THE MOTION PICTURE PRODUCERS AND DISTRIBUTORS OF AMERICA

As the American film industry expanded, so too did efforts on the part of various social groups to increase censorship. By the late 1910s and early 1920s, there was increasing pressure for a national censorship law, and more local boards were being formed. Many postwar films used the sort of subject matter associated with the Roaring Twenties: bootleg liquor, jazz music, flappers, and wild parties. Cecil B. De Mille’s sex comedies presented adultery as a frivolous, even glamorous, pastime. Erich von Stroheim’s Blind Husbands (1919) similarly treated a married woman’s flirtation as a fascinating violation of social norms.

Soon a series of scandals focused attention on the less palatable aspects of the lifestyles of famous filmmakers, including sex scandals and flagrant violations of the new Prohibition law. Mary Pickford’s image as America’s sweetheart received a blow in 1920 when she divorced her first husband to marry Douglas Fairbanks. In 1921, comedian Roscoe “Fatty” Arbuckle was charged with rape and murder when a young actress died during a drunken party; although he was ultimately acquitted, the charges wrecked his career. The following year, director William Desmond Taylor was mysteriously murdered in circumstances that revealed his affairs with several well-known actresses. In 1923, the handsome, athletic star Wallace Reid died of morphine addiction. The public increasingly viewed Hollywood as promoting excess and decadence.

Partly in an effort to forestall censorship and clean up Hollywood’s image, the main studios banded together to form a trade organization, the Motion Picture Producers and Distributors of America (MPPDA). To head it, in early 1922 they hired Will Hays, then postmaster general under Warren Harding. Hays had already proved his flair for publicity by chairing the Republican National Committee when Harding was elected president. That flair, combined with Hays’s access to powerful figures in Washington and his Presbyterian background, made him useful to the film industry.
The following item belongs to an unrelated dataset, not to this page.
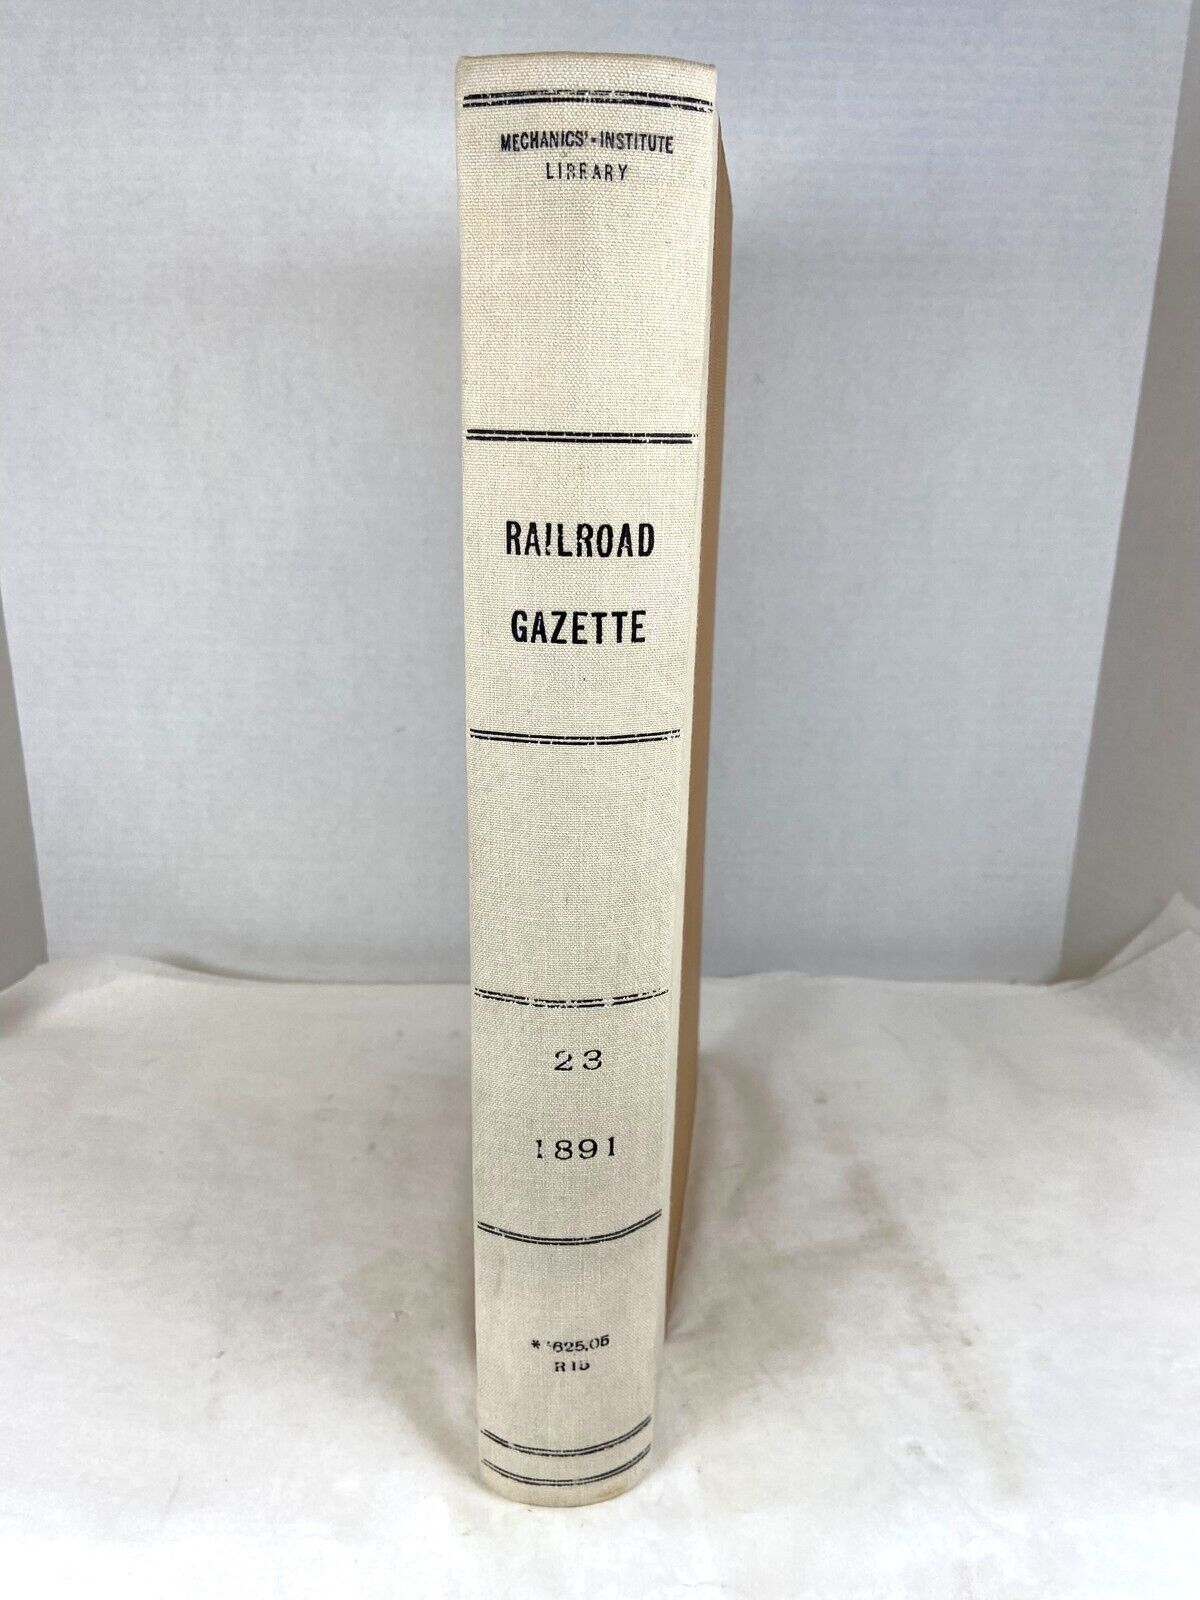 Rare 1891 Volume 23 RAILROAD GAZETTE - Jan 1, 1891 to Dec 31, 1891 - OP HB RB

Hays’s strategy was to pressure the producers to eliminate the offensive content of their films and to include morals clauses in studio contracts. Despite Ar-buckle’s acquittal on the rape and murder charges, Hays banned his films. In 1924, the MPPDA issued the “Formula,” a vague document urging studios not to make the “kind of picture which should not be produced.” Predictably, this had little effect, and in 1927 the Hays office (as the MPPDA came to be known) adopted the more explicit “Don’ts and Be Carefuls” list. “Don’ts” included “the illegal traffic in drugs,” “licentious or suggestive nudity,” and “ridicule of the clergy.” “Be Carefuls” involved “the use of the flag,” “brutality and possible gruesomeness,” “methods of smuggling,” and “deliberate seduction of girls.” The list was as concerned with the depiction of how various crimes were committed as it was with sexual content. Producers continued to circumvent the guidelines, however, and in the early 1930s the list would be replaced by the much more elaborate Production Code (see Chapter 10).

Although the Hays Office is usually thought of as a strategy to block domestic censorship, the organization also performed other services for the industry. The MPPDA gathered information on film markets at home and abroad, keeping up, for example, with censorship regulations in various countries. Hays established a foreign department that battled several European quotas that stifled American exports. In 1926, Hays’s group successfully lobbied Congress to form the Motion Picture Division of the Department of Commerce. That division then helped promote the sale of American films abroad by gathering information and bringing more pressure against harmful regulations. Indeed, the formation of the MPPDA provided a clear signal that motion pictures had become a major American industry.